Start of The records
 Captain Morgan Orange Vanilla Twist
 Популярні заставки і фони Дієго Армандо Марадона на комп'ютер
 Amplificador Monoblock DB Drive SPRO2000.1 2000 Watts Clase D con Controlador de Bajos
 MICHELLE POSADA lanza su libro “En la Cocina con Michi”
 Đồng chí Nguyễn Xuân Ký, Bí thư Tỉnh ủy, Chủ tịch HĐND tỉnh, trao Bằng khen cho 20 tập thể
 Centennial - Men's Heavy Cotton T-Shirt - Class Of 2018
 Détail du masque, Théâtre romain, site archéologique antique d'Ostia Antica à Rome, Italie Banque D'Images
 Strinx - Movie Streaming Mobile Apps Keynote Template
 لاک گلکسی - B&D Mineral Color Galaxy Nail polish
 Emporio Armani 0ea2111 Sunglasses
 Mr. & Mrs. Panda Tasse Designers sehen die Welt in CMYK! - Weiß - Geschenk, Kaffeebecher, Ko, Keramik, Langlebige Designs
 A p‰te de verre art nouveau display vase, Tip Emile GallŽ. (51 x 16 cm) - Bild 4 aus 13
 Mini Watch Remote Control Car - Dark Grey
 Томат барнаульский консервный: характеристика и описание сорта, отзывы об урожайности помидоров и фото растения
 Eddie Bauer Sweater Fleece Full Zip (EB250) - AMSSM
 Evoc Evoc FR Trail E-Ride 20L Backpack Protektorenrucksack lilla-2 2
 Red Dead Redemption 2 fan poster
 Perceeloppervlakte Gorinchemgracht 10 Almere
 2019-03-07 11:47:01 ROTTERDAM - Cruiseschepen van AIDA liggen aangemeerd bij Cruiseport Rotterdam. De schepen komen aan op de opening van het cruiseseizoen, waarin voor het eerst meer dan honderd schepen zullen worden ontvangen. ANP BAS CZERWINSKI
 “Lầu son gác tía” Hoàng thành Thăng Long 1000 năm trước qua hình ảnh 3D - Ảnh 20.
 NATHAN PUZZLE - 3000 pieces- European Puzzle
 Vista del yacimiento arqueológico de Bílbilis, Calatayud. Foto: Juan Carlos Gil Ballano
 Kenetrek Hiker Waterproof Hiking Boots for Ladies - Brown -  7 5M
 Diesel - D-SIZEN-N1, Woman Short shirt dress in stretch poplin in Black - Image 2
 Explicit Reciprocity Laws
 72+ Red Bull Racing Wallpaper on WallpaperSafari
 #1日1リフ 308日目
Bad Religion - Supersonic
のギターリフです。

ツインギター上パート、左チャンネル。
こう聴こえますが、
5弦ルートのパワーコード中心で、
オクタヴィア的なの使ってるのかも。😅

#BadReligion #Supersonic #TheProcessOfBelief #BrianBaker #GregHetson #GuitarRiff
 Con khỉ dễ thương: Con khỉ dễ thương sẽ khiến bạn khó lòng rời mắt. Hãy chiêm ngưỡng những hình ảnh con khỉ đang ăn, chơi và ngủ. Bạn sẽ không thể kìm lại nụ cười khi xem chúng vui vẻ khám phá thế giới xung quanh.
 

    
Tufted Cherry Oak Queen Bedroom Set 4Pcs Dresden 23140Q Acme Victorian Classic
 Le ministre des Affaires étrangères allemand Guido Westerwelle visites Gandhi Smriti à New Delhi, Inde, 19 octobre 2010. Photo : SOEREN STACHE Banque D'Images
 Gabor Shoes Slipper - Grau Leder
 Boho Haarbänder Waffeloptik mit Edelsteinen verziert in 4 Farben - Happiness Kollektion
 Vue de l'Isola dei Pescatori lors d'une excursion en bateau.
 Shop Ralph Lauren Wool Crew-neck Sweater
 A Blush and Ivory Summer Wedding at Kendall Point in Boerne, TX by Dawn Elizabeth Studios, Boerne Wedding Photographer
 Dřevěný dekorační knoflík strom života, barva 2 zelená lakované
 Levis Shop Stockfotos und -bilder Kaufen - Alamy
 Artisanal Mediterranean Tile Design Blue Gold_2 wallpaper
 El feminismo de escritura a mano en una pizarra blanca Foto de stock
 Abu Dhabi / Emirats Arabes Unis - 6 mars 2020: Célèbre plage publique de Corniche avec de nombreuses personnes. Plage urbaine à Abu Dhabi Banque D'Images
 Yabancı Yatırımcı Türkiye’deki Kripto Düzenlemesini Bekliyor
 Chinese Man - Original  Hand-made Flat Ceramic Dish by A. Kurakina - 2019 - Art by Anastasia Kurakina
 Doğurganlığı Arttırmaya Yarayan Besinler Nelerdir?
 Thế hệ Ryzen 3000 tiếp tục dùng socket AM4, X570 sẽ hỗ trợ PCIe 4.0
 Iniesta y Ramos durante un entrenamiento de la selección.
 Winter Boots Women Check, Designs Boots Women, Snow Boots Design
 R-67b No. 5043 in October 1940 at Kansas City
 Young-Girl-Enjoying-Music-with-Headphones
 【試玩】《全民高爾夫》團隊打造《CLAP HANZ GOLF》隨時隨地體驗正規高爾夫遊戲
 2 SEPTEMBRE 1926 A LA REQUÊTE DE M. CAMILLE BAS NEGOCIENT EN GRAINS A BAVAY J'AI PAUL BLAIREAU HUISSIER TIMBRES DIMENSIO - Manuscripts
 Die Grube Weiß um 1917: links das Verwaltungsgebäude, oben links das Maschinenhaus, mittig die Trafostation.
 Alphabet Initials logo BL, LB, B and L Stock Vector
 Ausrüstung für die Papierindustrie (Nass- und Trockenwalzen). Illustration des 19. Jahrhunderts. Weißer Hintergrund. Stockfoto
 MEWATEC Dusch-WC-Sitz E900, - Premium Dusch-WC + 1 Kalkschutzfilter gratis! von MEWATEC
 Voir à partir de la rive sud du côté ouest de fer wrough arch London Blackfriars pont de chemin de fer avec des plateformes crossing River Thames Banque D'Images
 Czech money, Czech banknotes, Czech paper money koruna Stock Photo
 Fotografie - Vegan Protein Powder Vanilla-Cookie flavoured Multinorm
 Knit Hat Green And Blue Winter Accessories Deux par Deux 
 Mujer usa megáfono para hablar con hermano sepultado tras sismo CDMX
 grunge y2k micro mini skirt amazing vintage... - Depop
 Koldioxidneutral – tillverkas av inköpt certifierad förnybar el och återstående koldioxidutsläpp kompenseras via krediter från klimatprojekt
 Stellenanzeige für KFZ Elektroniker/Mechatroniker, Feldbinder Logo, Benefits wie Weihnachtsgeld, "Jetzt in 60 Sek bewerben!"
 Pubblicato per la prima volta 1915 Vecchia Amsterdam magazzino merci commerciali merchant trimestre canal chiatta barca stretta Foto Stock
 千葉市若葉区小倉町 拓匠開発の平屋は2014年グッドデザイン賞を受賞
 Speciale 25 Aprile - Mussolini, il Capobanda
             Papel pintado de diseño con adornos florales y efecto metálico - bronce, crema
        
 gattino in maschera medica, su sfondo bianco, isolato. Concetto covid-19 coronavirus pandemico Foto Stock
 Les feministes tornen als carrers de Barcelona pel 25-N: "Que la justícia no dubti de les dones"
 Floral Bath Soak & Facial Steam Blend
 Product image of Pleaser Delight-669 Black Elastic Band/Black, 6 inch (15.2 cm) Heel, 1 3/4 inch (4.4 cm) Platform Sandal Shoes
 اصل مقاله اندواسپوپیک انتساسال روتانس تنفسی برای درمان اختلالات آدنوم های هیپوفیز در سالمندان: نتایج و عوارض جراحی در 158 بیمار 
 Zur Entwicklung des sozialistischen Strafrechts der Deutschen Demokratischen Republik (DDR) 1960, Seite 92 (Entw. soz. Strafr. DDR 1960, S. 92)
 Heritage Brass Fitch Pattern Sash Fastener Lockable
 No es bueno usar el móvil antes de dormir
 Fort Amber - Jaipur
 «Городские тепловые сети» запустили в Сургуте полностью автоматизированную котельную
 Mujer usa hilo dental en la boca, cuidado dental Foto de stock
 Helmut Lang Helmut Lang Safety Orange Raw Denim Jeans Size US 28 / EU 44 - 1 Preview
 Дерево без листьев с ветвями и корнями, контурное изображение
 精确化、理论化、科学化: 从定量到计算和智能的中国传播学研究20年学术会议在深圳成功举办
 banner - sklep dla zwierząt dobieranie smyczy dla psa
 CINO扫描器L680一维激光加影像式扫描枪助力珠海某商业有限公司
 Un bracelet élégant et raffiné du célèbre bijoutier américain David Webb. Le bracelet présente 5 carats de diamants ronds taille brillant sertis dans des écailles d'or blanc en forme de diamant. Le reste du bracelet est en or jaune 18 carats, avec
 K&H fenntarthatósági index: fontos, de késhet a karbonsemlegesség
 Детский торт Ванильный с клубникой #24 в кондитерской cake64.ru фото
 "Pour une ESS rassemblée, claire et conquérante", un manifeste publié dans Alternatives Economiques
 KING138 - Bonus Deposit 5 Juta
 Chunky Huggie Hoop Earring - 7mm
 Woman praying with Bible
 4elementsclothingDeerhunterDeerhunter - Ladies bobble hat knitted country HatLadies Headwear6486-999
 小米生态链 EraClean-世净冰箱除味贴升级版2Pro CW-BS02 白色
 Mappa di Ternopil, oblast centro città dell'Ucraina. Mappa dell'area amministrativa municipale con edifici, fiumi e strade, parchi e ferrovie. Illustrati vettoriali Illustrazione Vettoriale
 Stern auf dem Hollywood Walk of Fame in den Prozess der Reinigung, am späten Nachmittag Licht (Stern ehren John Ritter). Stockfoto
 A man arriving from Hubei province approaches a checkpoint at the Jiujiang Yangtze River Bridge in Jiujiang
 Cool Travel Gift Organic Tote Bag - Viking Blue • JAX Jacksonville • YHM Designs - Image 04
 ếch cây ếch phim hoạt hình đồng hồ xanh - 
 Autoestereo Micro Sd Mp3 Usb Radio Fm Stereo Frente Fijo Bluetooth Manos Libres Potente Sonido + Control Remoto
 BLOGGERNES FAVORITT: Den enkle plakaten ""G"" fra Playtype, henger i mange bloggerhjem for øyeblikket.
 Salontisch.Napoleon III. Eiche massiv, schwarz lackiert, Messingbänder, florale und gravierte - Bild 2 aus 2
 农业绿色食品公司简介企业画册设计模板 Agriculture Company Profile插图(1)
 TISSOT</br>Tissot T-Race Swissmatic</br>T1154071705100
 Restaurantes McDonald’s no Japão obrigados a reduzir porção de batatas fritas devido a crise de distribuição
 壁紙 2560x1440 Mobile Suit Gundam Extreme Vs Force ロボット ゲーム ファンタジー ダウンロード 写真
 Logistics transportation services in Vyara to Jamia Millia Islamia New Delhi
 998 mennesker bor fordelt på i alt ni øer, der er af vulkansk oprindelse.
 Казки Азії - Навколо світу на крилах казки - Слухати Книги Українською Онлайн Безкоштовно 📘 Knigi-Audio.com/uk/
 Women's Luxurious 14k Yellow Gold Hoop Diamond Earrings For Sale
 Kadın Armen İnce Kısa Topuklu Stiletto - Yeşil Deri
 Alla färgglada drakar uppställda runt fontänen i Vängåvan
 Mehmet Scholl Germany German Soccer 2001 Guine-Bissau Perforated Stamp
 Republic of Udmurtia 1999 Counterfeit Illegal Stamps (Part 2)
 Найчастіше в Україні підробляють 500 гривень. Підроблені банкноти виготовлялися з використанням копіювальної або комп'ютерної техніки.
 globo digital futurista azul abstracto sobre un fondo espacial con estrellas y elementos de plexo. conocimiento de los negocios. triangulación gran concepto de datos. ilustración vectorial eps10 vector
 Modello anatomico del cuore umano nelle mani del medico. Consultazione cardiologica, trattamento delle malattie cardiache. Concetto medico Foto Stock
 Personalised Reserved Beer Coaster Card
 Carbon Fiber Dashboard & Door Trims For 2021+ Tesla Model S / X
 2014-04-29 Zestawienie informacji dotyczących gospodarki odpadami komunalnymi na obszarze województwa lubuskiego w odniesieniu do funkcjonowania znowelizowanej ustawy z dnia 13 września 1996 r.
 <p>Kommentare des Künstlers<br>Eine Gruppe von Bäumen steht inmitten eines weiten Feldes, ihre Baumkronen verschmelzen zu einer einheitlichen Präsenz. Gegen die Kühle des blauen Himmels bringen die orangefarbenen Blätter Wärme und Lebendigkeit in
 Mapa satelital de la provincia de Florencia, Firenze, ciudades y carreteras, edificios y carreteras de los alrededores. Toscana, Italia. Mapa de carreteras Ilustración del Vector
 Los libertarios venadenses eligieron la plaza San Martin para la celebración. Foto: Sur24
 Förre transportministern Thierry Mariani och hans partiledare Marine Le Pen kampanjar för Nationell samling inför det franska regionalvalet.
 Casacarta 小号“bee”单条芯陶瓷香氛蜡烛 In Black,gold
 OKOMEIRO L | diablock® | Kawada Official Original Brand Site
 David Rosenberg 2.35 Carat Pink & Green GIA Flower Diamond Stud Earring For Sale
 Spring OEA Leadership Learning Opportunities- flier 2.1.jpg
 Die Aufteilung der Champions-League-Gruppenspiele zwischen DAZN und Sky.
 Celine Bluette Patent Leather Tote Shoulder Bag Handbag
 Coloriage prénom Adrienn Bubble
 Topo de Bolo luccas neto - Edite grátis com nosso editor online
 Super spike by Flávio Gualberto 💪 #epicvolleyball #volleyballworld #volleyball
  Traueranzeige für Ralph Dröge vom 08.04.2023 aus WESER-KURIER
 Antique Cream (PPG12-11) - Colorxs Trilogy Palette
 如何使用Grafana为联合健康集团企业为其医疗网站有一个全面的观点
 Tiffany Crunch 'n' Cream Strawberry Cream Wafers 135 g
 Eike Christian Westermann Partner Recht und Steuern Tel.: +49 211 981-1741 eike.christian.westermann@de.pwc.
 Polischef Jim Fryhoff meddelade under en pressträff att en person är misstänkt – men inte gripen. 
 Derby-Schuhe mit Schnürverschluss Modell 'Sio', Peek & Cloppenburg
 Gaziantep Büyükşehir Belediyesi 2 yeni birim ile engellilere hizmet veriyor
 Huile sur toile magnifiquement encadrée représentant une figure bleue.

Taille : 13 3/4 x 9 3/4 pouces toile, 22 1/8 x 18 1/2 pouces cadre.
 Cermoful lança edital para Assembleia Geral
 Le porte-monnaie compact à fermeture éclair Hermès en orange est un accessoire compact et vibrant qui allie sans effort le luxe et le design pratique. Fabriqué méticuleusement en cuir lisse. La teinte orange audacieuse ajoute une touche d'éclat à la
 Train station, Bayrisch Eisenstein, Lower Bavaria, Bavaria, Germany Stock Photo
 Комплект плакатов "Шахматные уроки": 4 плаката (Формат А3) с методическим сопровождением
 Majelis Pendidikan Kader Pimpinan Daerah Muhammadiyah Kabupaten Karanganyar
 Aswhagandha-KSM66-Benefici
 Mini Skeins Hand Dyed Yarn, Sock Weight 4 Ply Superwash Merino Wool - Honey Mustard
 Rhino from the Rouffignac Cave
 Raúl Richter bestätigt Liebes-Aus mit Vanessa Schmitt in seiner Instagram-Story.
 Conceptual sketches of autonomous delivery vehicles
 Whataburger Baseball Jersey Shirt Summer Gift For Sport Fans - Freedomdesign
End of The records
**Task to carry out:**
Within the material above, extract exactly the lines that start at the line containing "MICHELLE POSADA lanza" and stop after the line containing "Emporio Armani 0ea2111 Sunglasses", and only those.

**Written reply:**
 MICHELLE POSADA lanza su libro “En la Cocina con Michi”
 Đồng chí Nguyễn Xuân Ký, Bí thư Tỉnh ủy, Chủ tịch HĐND tỉnh, trao Bằng khen cho 20 tập thể
 Centennial - Men's Heavy Cotton T-Shirt - Class Of 2018
 Détail du masque, Théâtre romain, site archéologique antique d'Ostia Antica à Rome, Italie Banque D'Images
 Strinx - Movie Streaming Mobile Apps Keynote Template
 لاک گلکسی - B&D Mineral Color Galaxy Nail polish
 Emporio Armani 0ea2111 Sunglasses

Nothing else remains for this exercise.